A Right lateral ‘beams-eye view’ in a 2D WBRT plan. The (green in online version) arrow represents the horizontal multileaves, which allow the user to reduce dose to critical structures (anterior orbit and oral cavity). B Isodose display of a WBRT planned using 3D-planning tools to deliver a more homogenous dose to the brain. C Dose distribution for HA-WBRT using VMAT, which allowes sparing of specific targets, in this case the hippocampi; the doses received by the avoidance structures are shown on the far right. (Color figure online)

Over time, studies addressing quality of life, established that radiation to the entirety of healthy brain parenchyma contributes to neurocognitive decline. Strategies to mitigate these effects have been evaluated in randomized clinical trials (RCTs); one such study, RTOG 0614, showed modest neurocognitive protection with Memantine, a drug used to treat symptoms of confusion associated with Alzheimer's disease [8]. Furthermore, with the wide adoption of intensity modulated radiation (IMRT), a phase II trial of hippocampal avoidance WBRT (RTOG 0933) was performed. This trial showed that the hippocampi can be spared through the use of IMRT (Fig. 1C) to create hippocampal avoidance WBRT (HA-WBRT), which resulted in similar intracranial control rates but improved cognition compared to historical WBRT trials [9]. HA-WBRT was then compared head-to-head with standard WBRT in NRG CC 001, a phase III trial, with both arms receiving Memantine; the results of this recently published study showed that HA-WBRT with Memantine results in a lower rate of cognitive failure, particularly executive functioning at 4 months, immediate recall and recognition at 6 months, as well as improved speaking, memory, fatigue, and symptom interference with activities of daily living at 6 months [10].

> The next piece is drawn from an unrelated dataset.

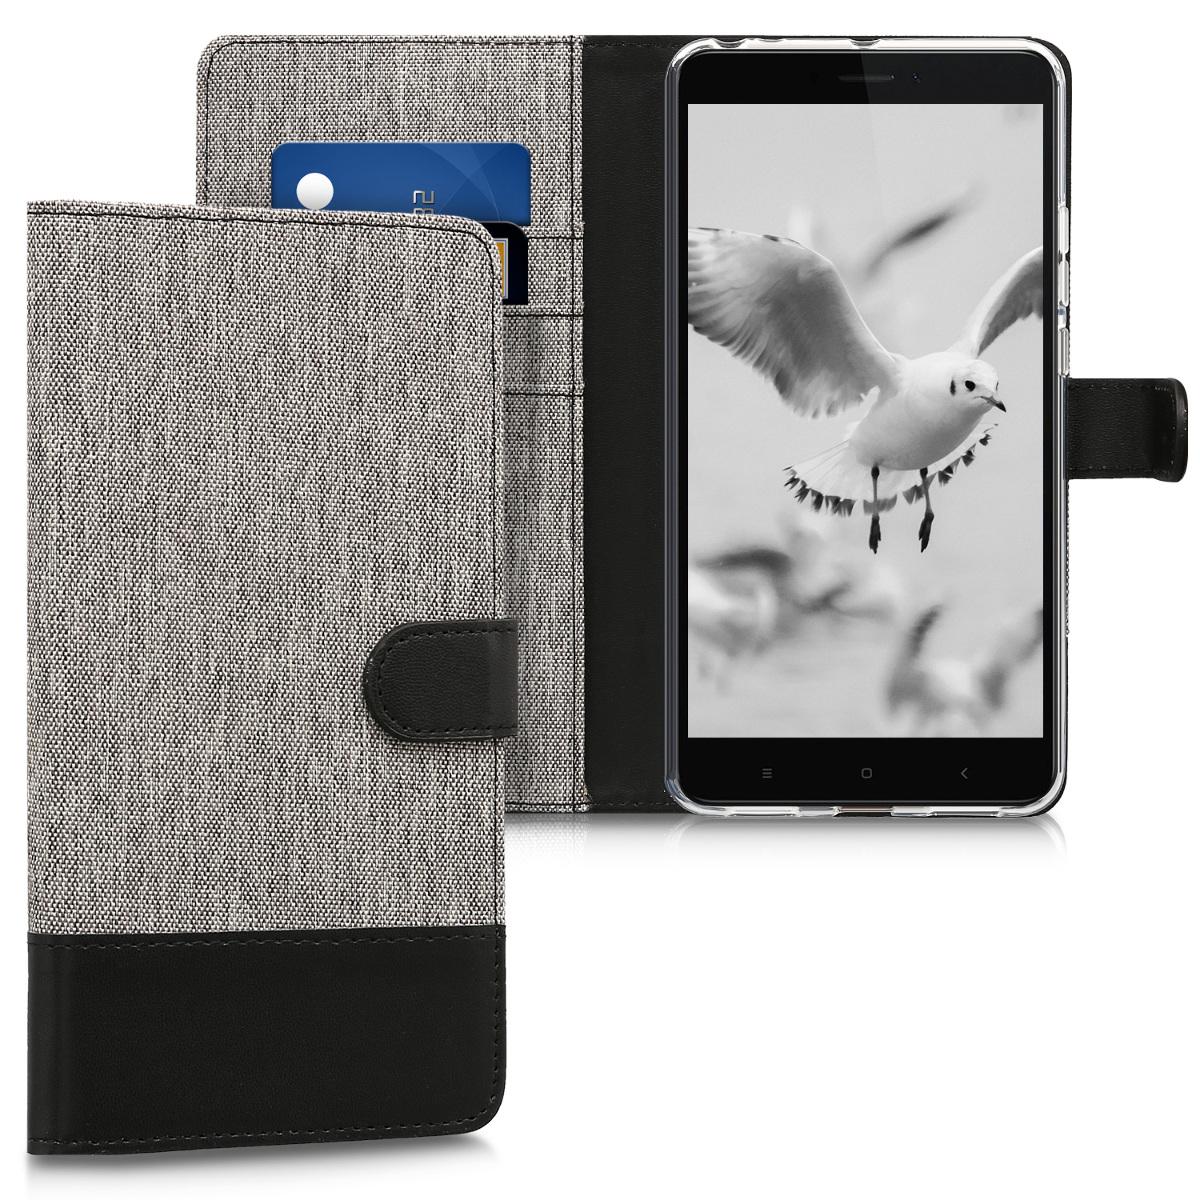 KW Θήκη Πορτοφόλι Xiaomi Mi Max 2 - Grey / Black (43839.22)
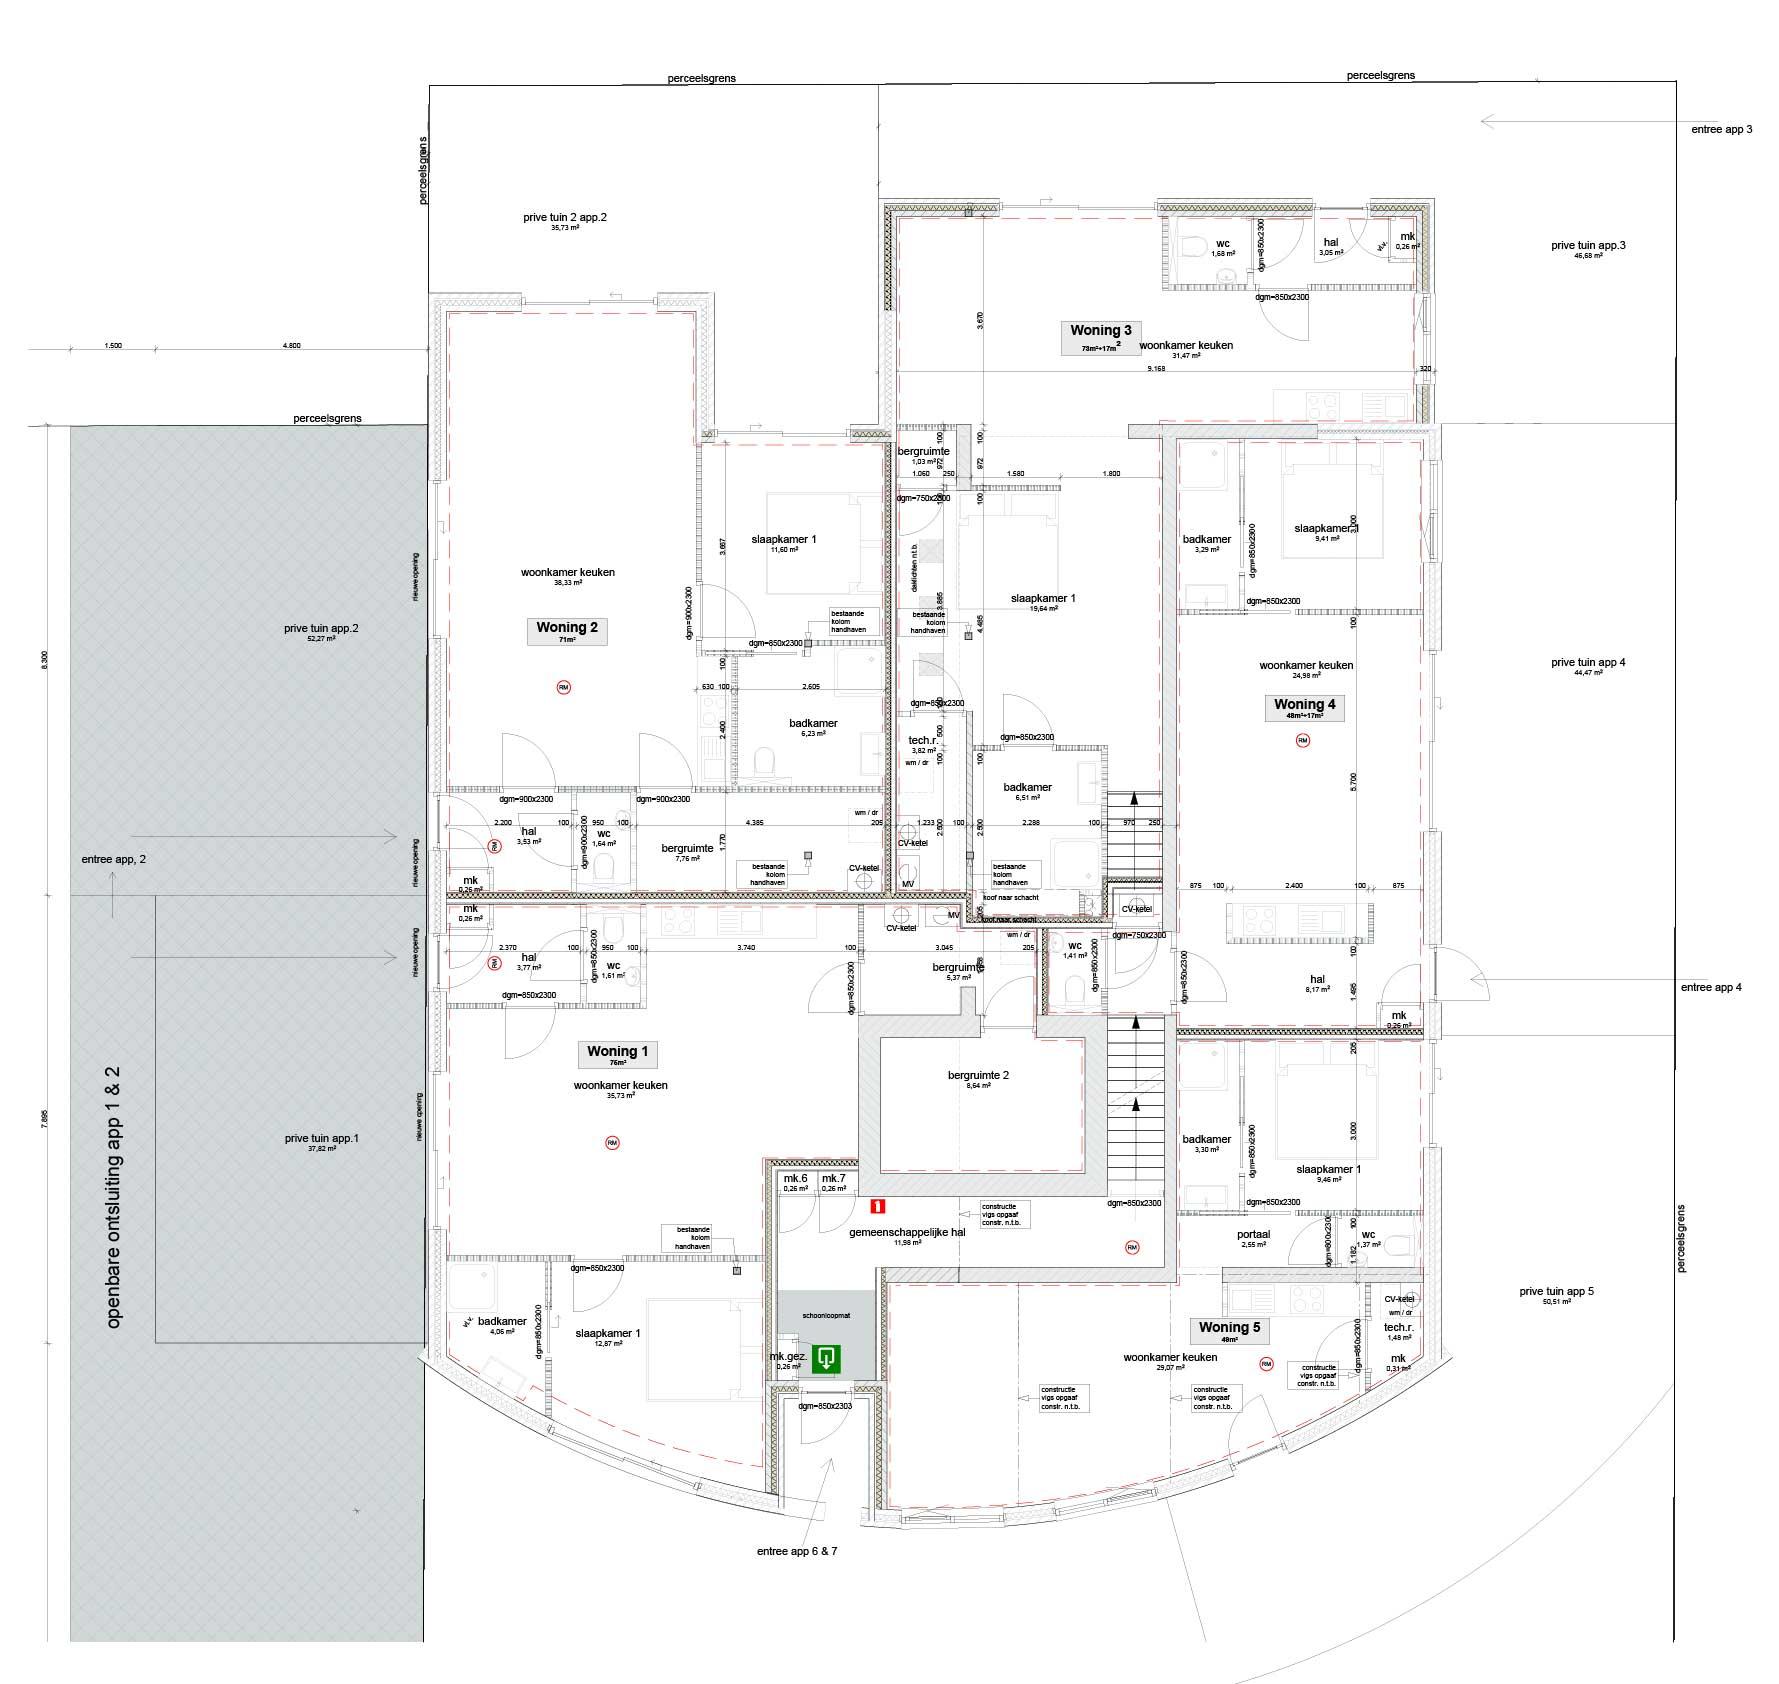 Blok7 plattegrond beganegrond

The management of patient with brain metastases can be simplified by breaking down this patient population in three categories: single metastasis, oligo-metastases (2–4 lesions) and multiple metastases (5 lesions or greater). Maximum safe resection has been established as the mainstay of treatment for single brain metastases when the lesion is surgically accessible and the patient has no contraindication to surgery. Three separate phase III trials comparing WBRT alone vs WBRT following resection showed that the addition of resection to WBRT led to improved functional independence and OS compared to WBRT alone but should be limited to well-performing patients [11,12,13]. Resection also provides the benefit of quicker palliation of symptoms compared to radiation.

With the adoption of Stereotactic Radiosurgery (SRS), a specialized form of radiation delivering ablative doses of radiation, the role of WBRT in patients with a single metastasis was re-evaluated; studies have shown that following either surgical resection or primary SRS treatment of a solitary metastasis, addition of WBRT doesn’t necessarily improve overall survival (OS), although WBRT does improve regional intracranial control, and time to neurological death [3, 5, 6].

As such, WBRT is no longer recommended for single metastases that are amenable to surgical resection or treated with SRS, although there is evidence from a RTOG randomized clinical trial of a small clinical benefit in OS for high performance patients (RPA class 1) with a single metastasis when treated with WBRT and an SRS boost [4].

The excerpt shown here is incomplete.